-- Work request --
Line by line, repeat the material below exactly and skip the images.

-- Data section --
************

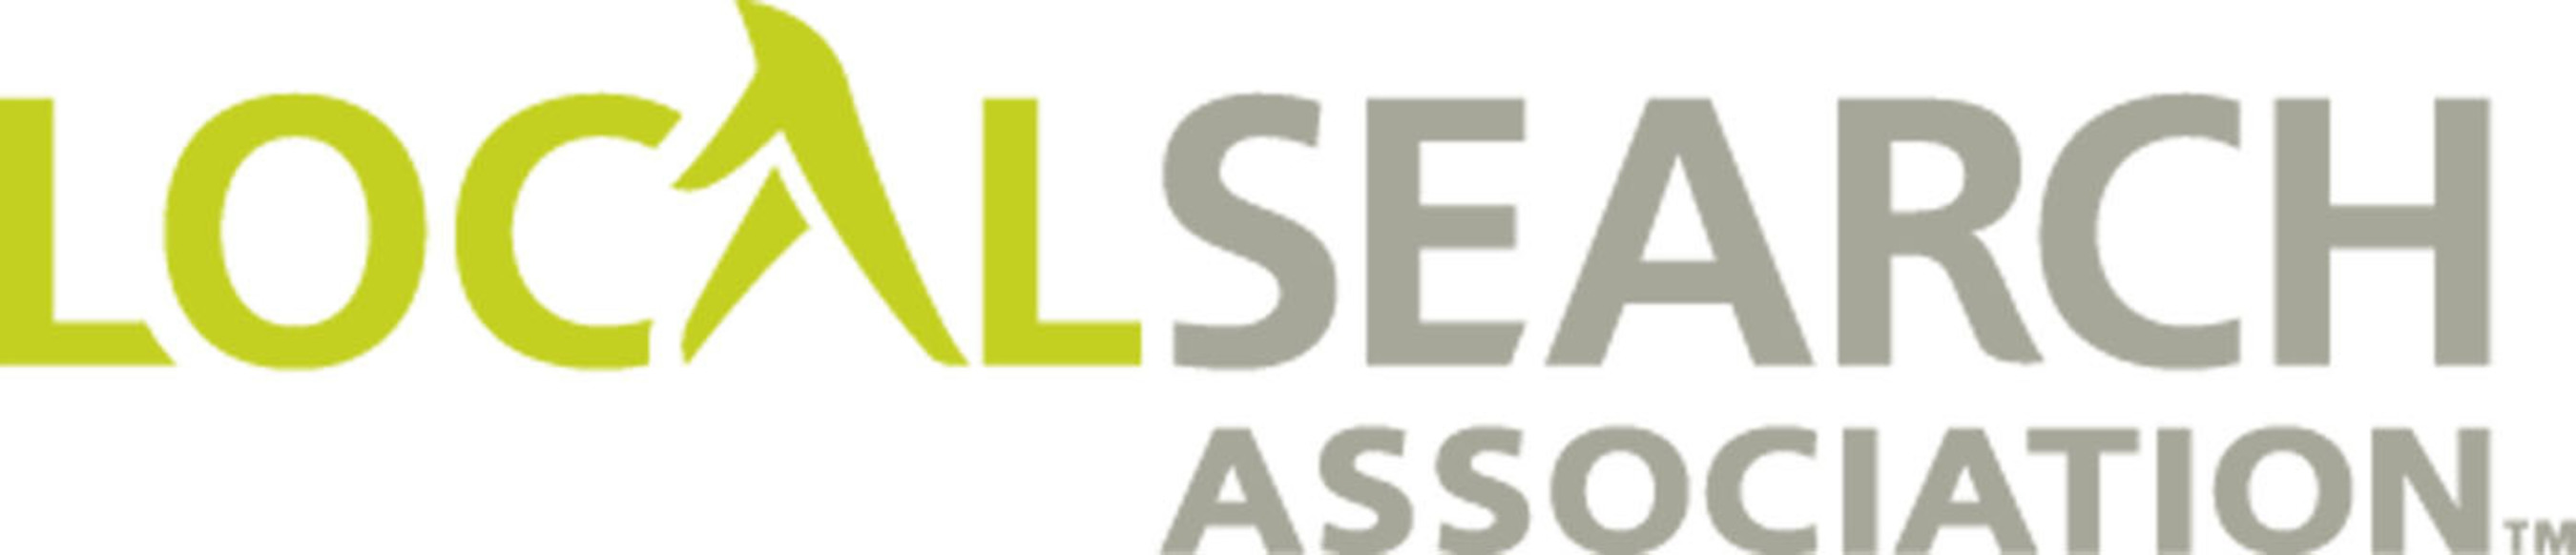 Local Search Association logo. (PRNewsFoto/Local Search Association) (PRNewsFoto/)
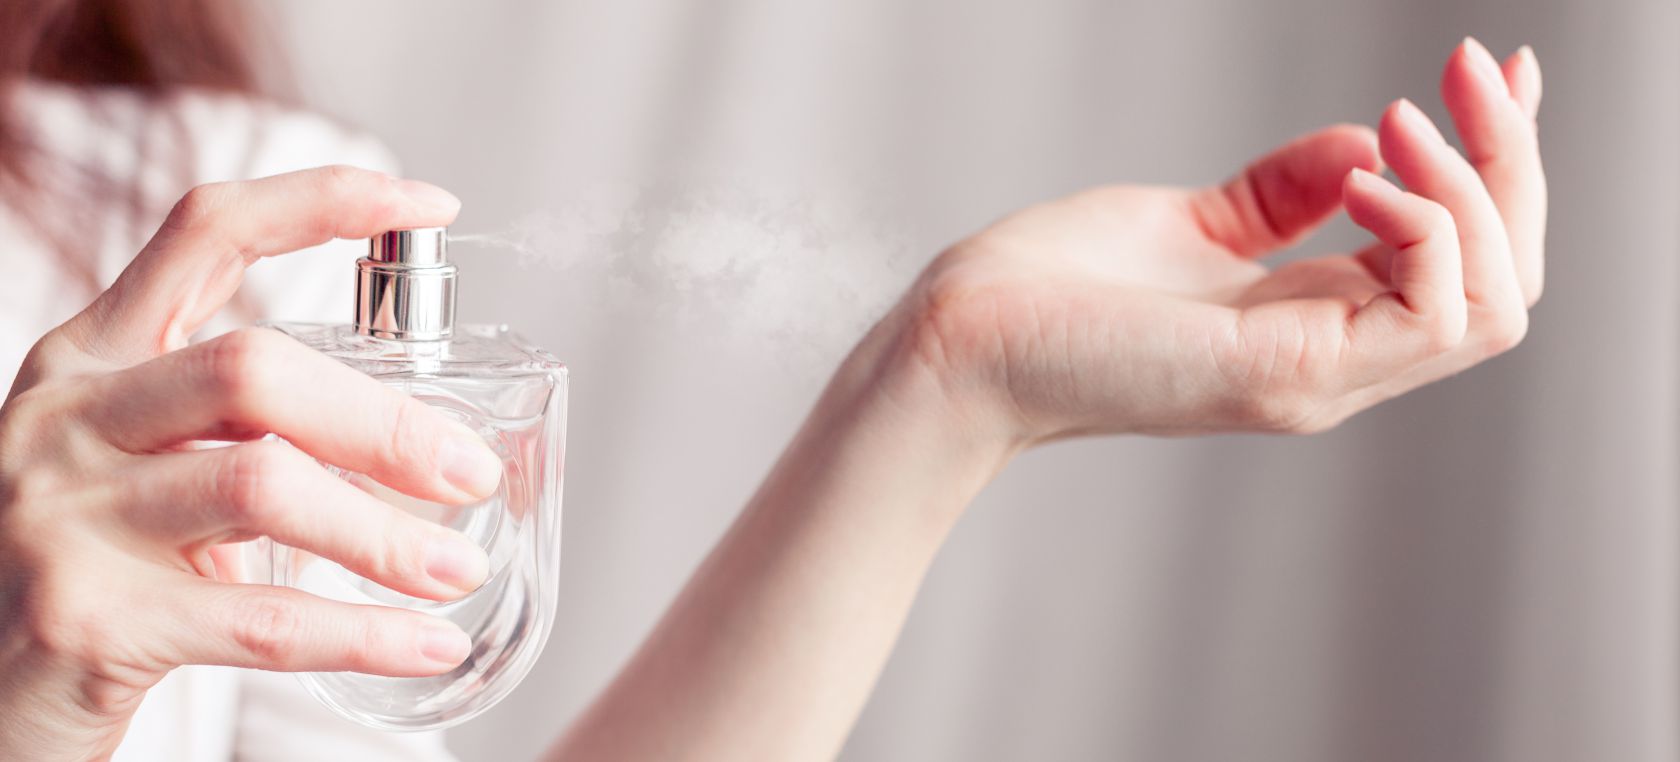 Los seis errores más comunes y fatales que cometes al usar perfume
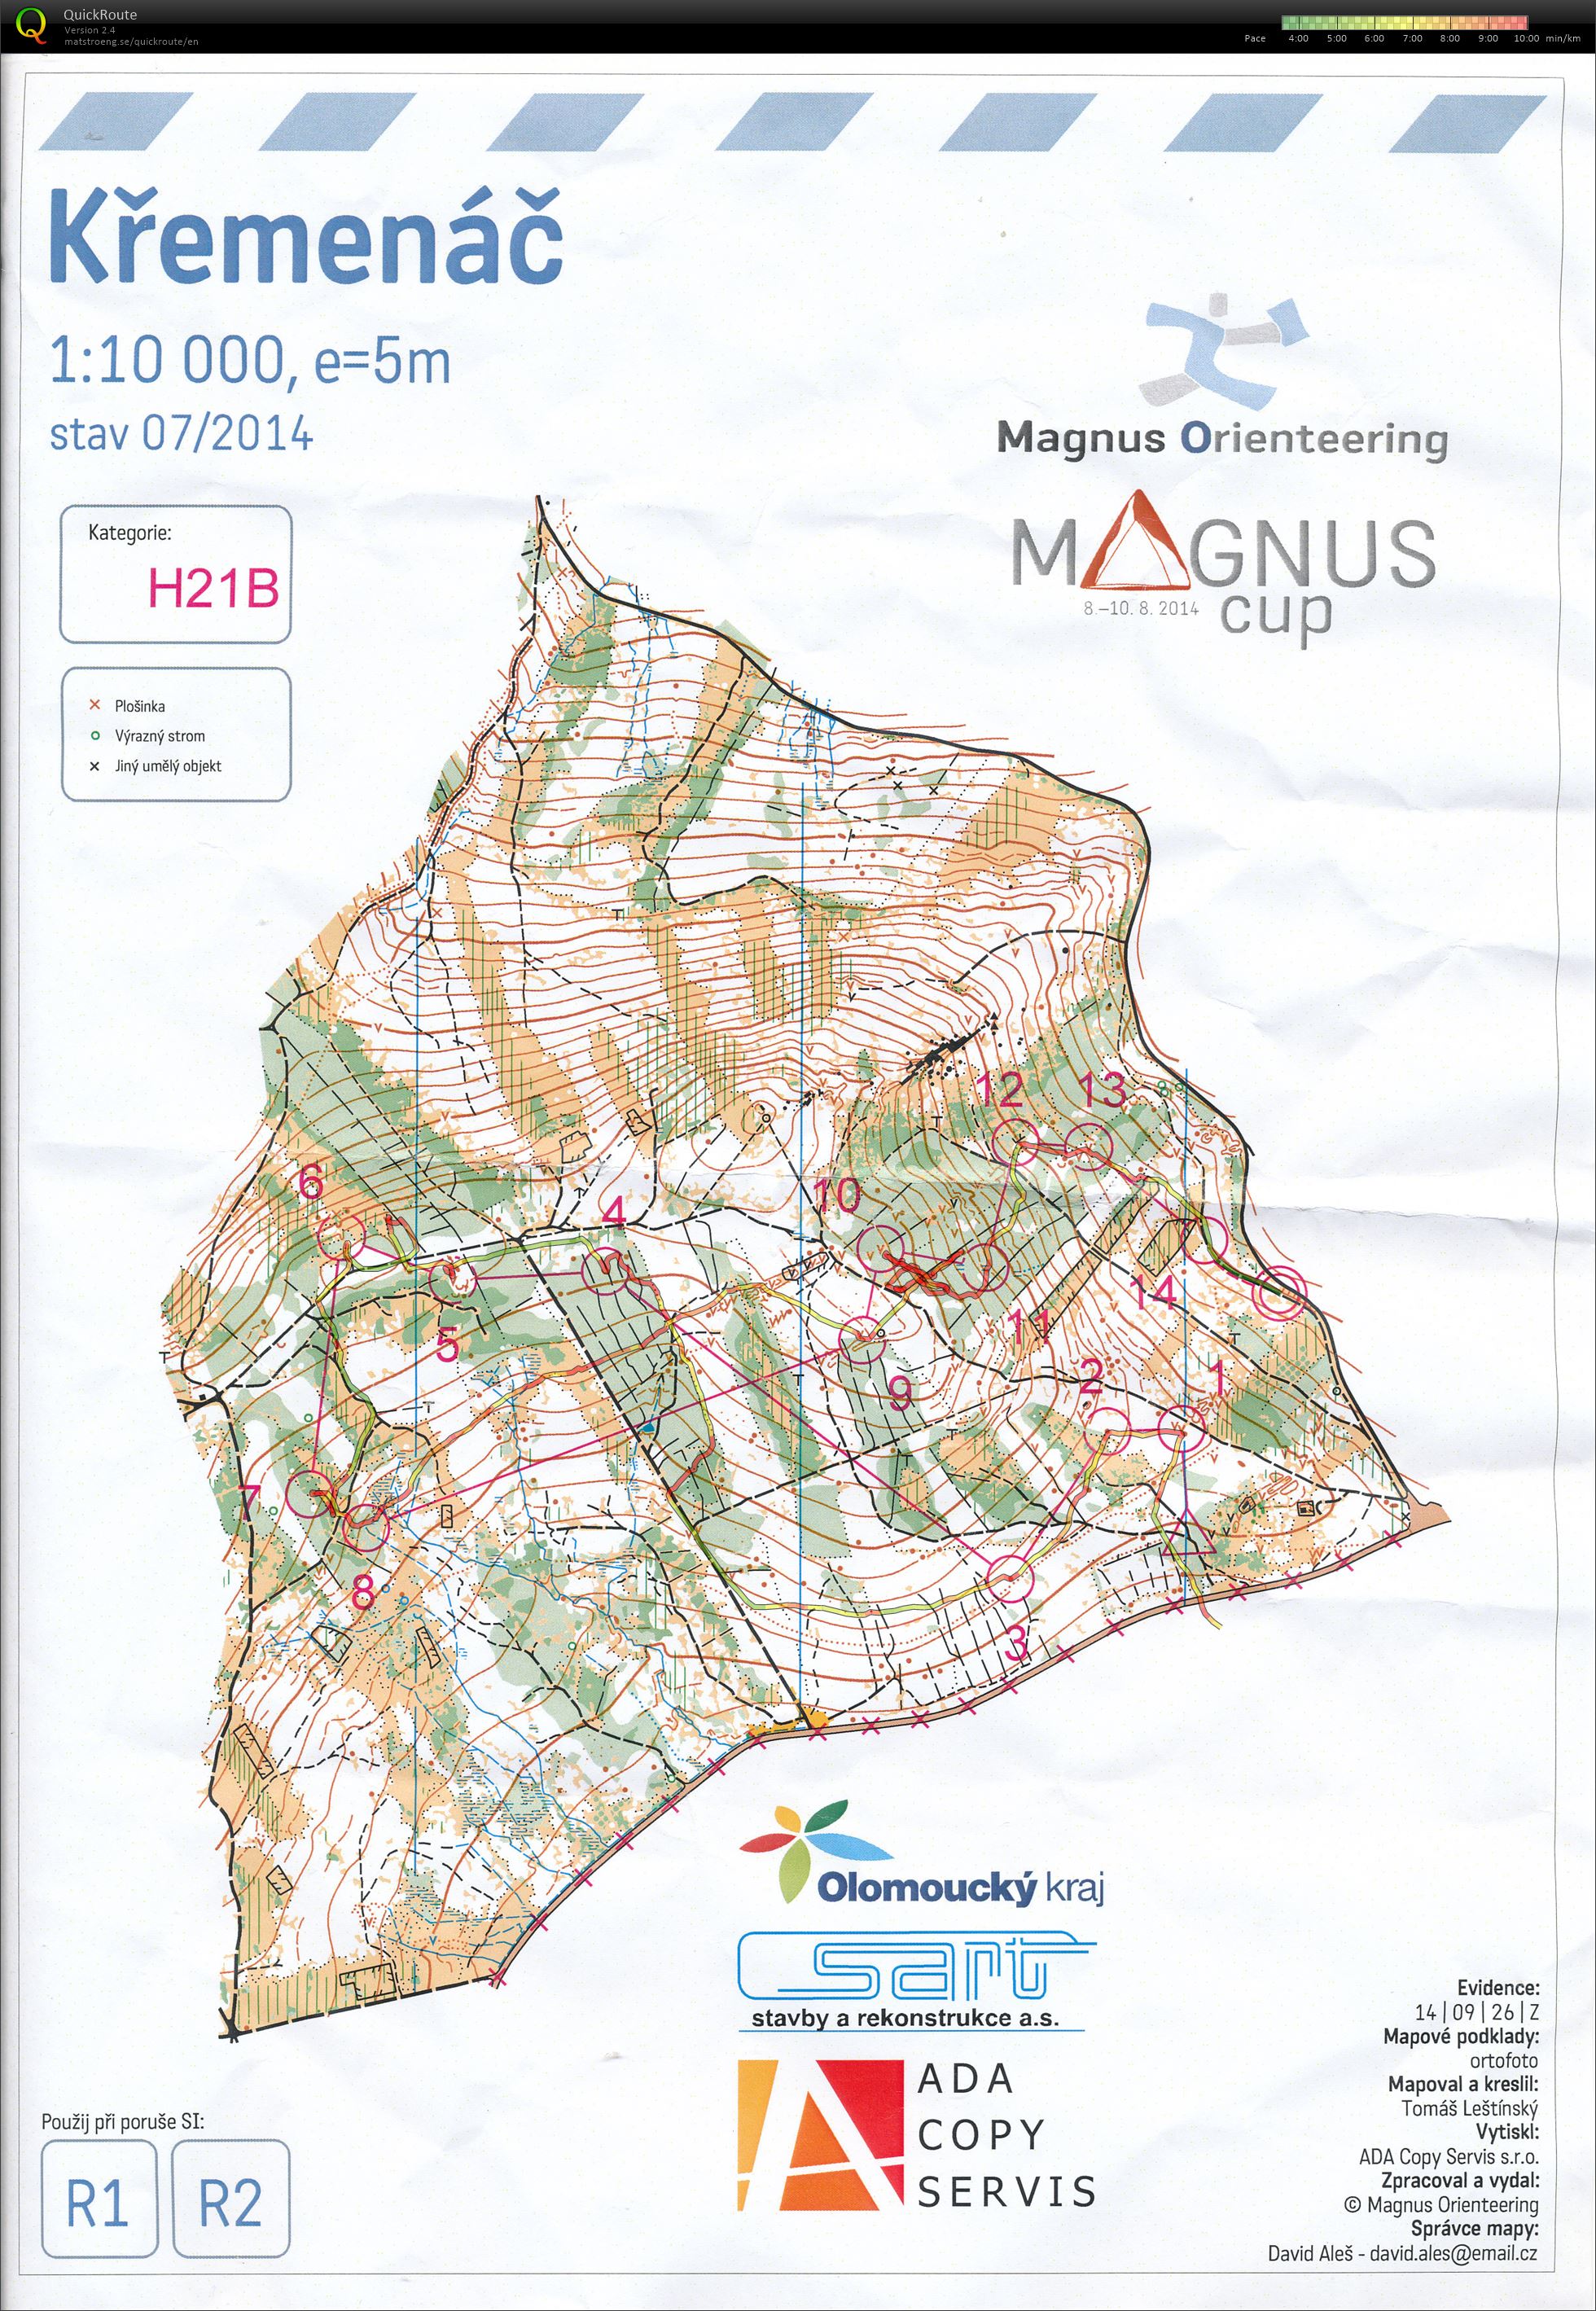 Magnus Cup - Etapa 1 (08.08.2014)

************

-- Response --
 Local Search Association logo. (PRNewsFoto/Local Search Association) (PRNewsFoto/)
 Los seis errores más comunes y fatales que cometes al usar perfume
 Magnus Cup - Etapa 1 (08.08.2014)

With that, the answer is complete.